Valerie Brooks said... [Reply to comment]

Focus can do some magical things for our writing, can't it, Becky? Living with our writing, instead of having it chopped up, gives us a deeper understanding of that world we're creating. I think what is difficult to impart to others is that we carry around a whole other world in our head and heart. Easy peasy. LOL. Disappearing needs to be given power instead of derision, just as introverts have great gifts and should be honored, not just the extroverts who get all the attention. Ok, I'm getting off track, but you know what I'm talking about.
Thanks for your comments. You're always there for me and other writers.
hugs,
Val

Valerie Brooks said... [Reply to comment]

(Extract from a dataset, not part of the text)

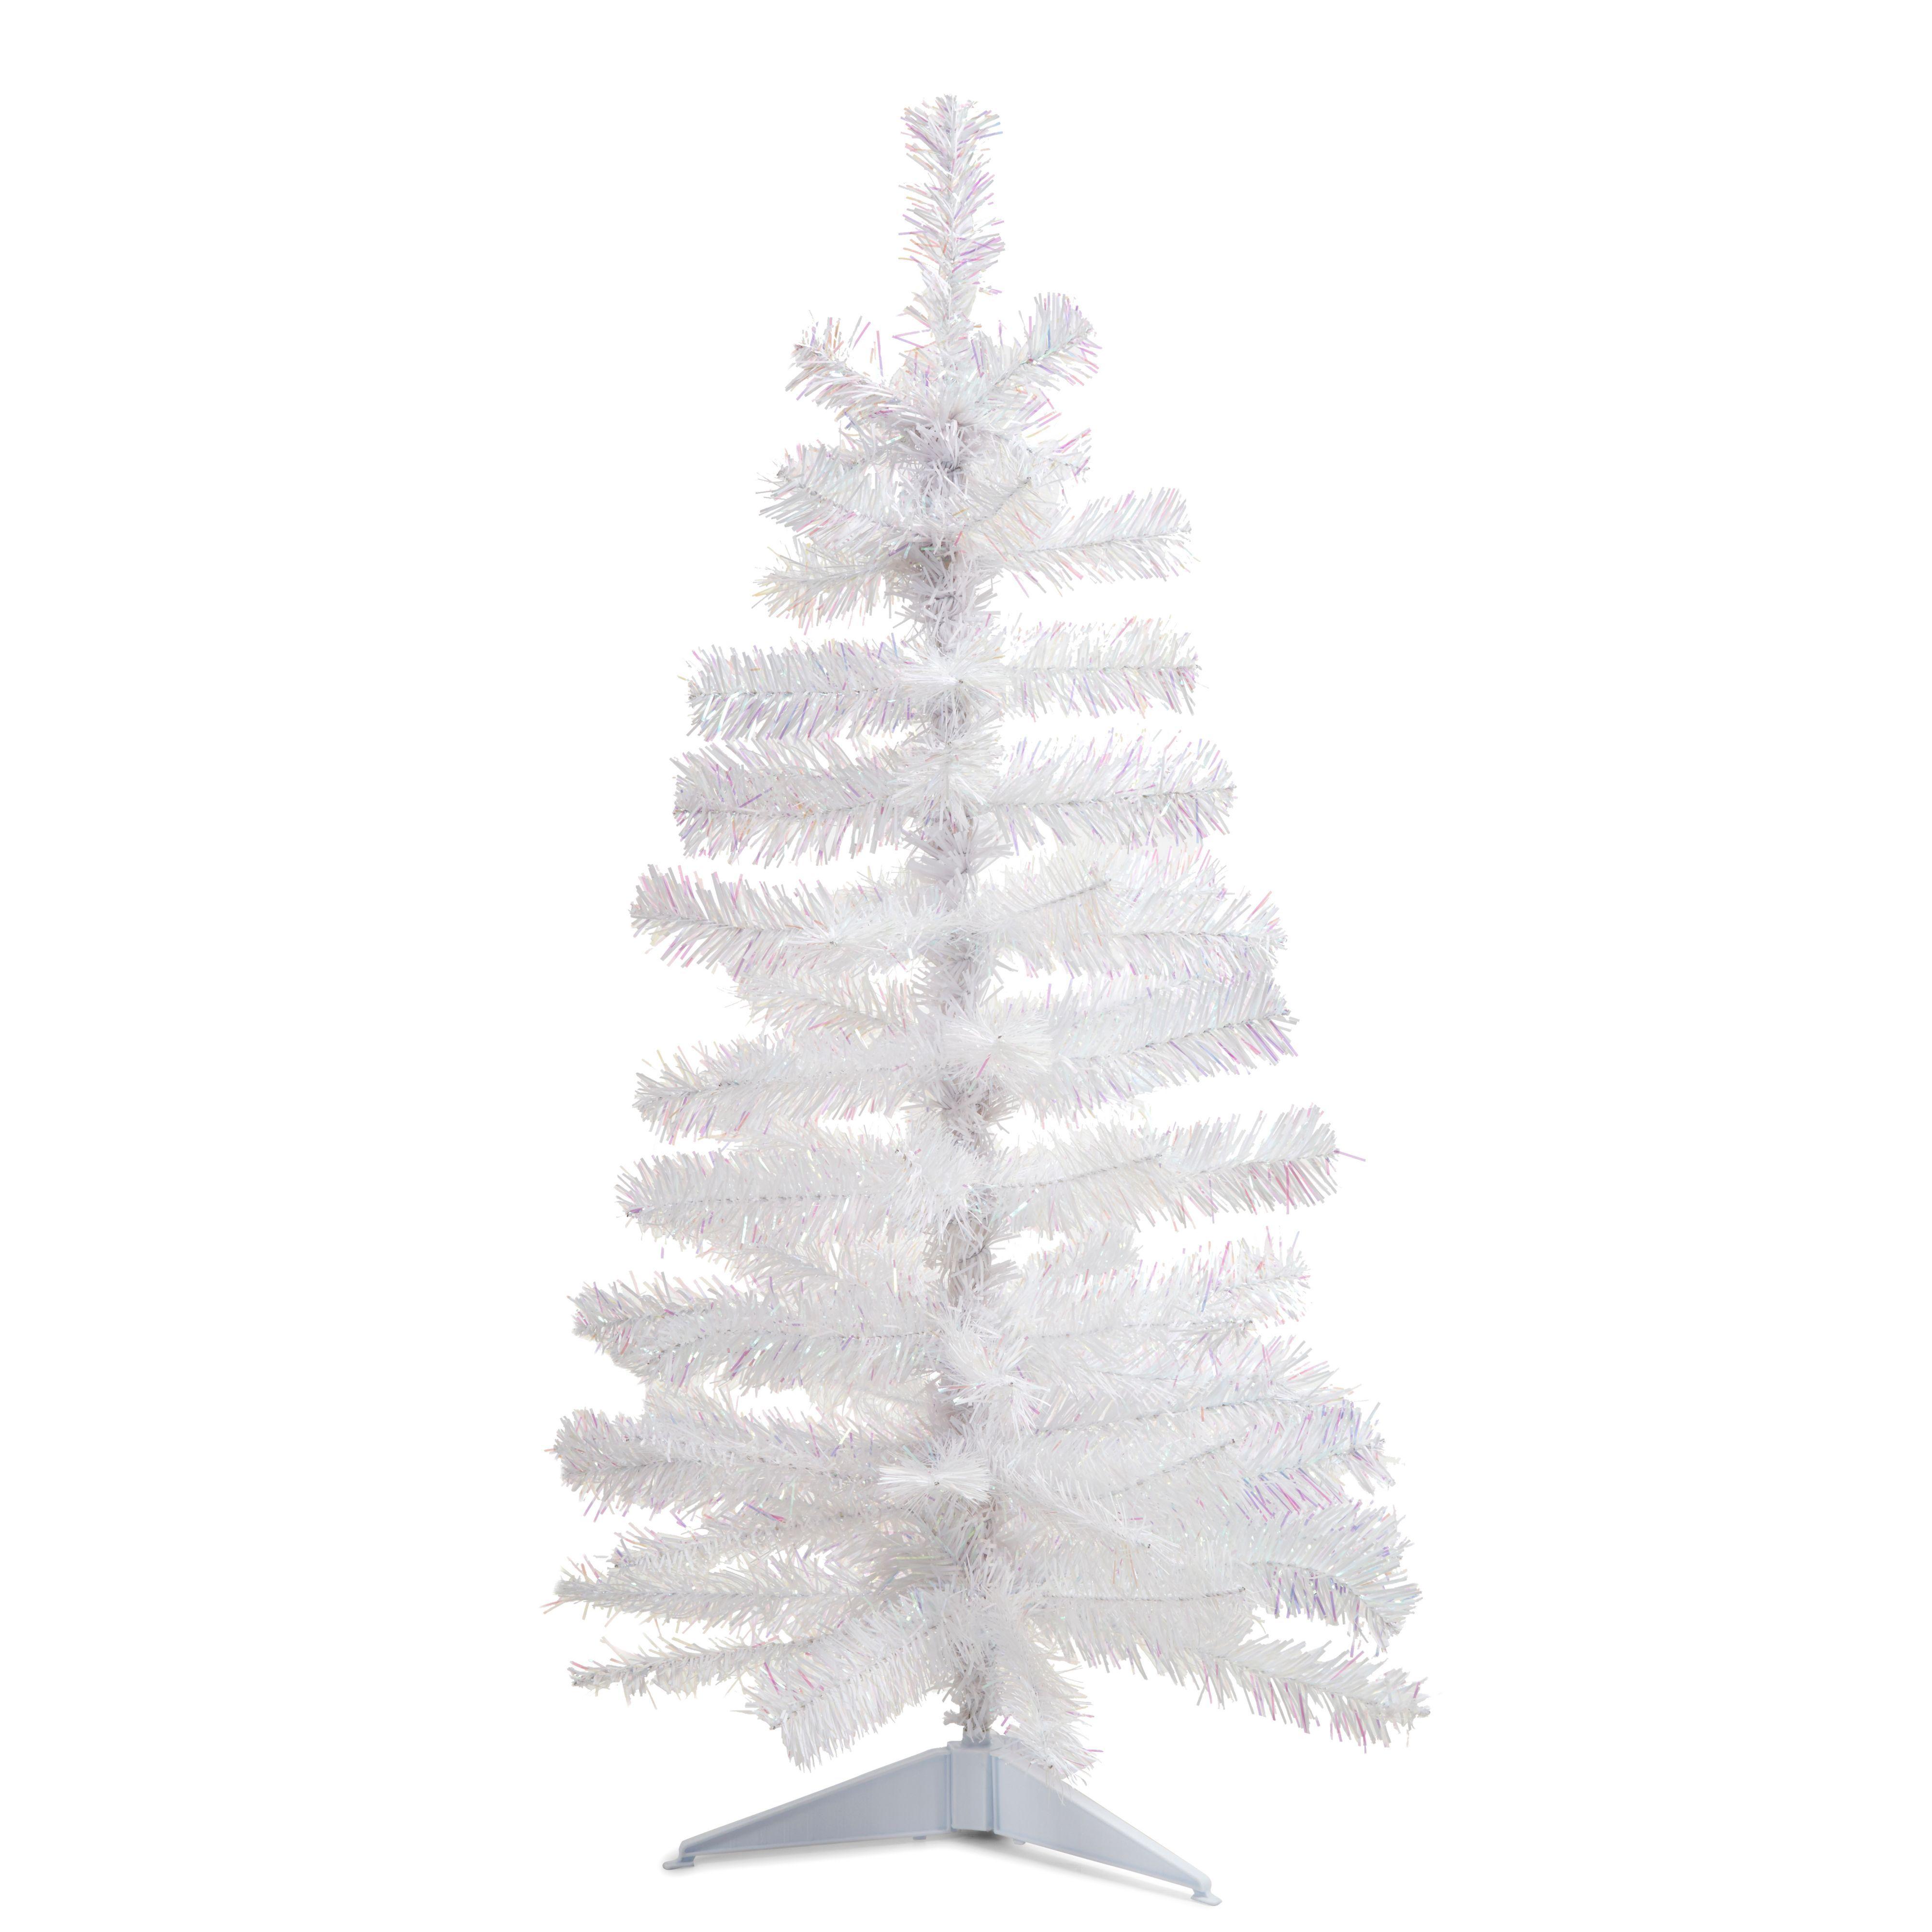 3ft White Christmas Tree.3ft White White Christmas Tree Departments Diy At B Q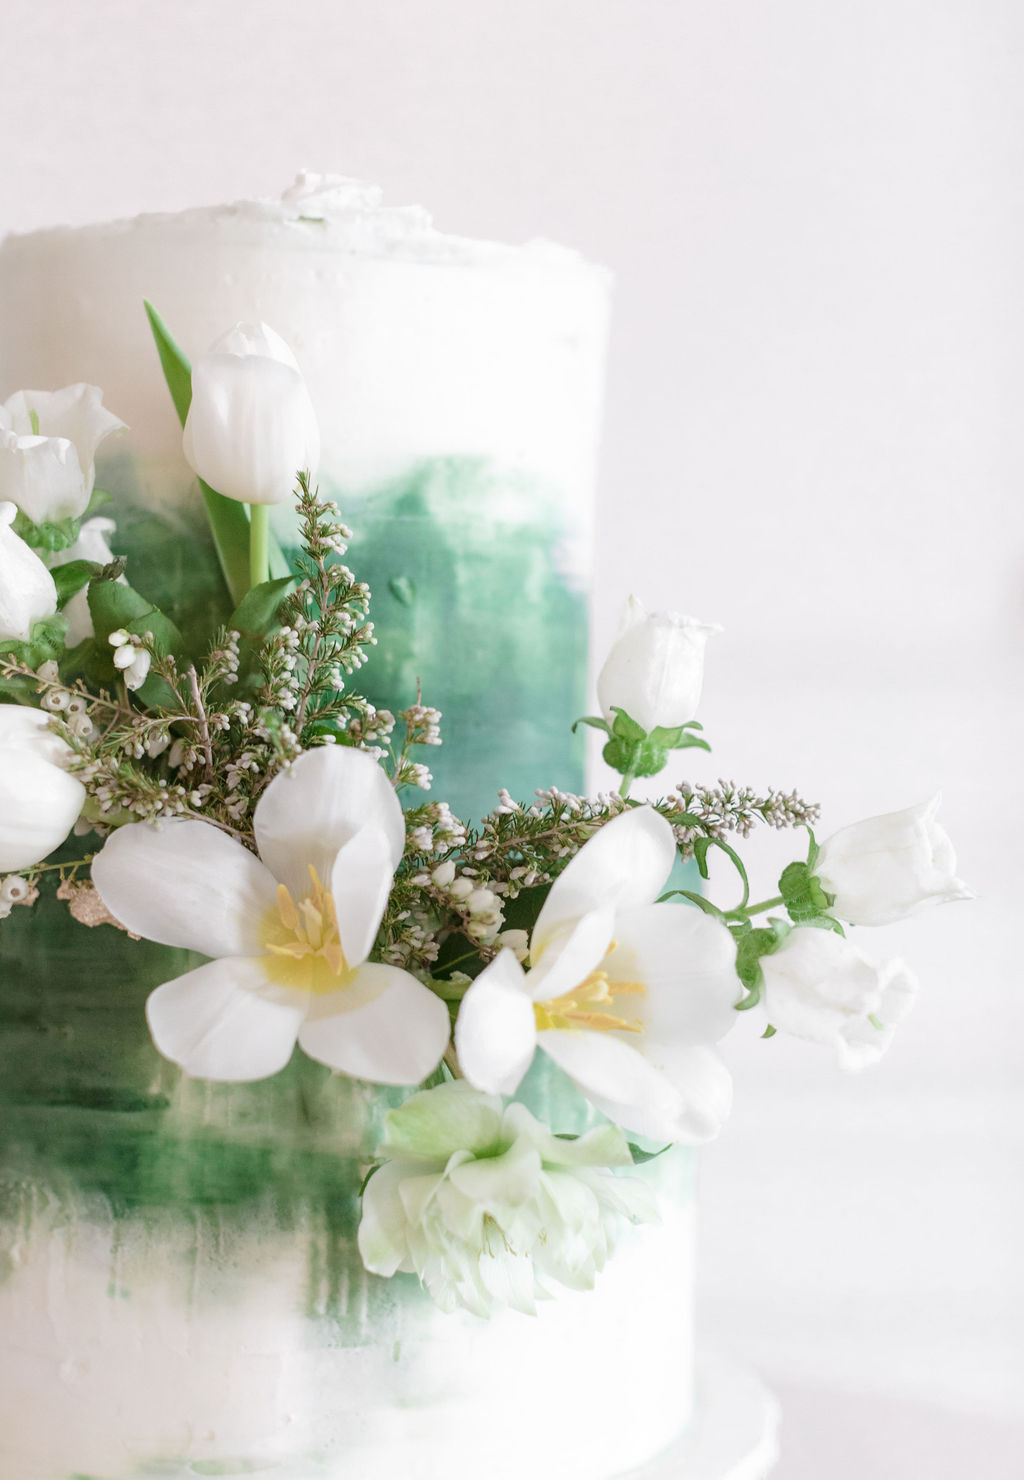 Butterfly Cakery wedding cake design: Elegant Dallas Wedding Inspiration at The Mason featured on Alexa Kay Events

That made me laugh! Yes, I think this could be the start of many people's bios. Glad it brought up that memory. Writing brings up so many memories that might have stayed buried.
Thanks for commenting, Irene! I sure appreciate it.
hugs,
Val

Tonya Rice said... [Reply to comment]

Hi Val! That was so sweet of you and thank you for sharing. After I'd sent my email, I realized I didn't send my intended comment:

As usual, you struck a chord in me and moved me to tears. As an only child, it was fairly easy to retreat to my writing corner and I kept it up in college. Years later as a wife and mom, I struggle to find those moments - without lurking thoughts about what I "should" be doing... around the house, in the kitchen, on the job, etc.

After some fights for my "me" time to write, I'm halfway through the second rewrite of my novel.The family's eventual support has freed my mind, and I'm grateful, yet with others so close to me in my life, I still find myself wondering if I'm going to be interrupted even when I know I wont!

Thanks Val for reminding me that I'm not alone, that it's okay and that all will be just fine.

Hugs!!!

~Tonya

Anne Schroeder Author said... [Reply to comment]

Valerie, writing and blogging don't have to be exclusive. Come back to us! You're a wonderful writer. I hope you are following your muse.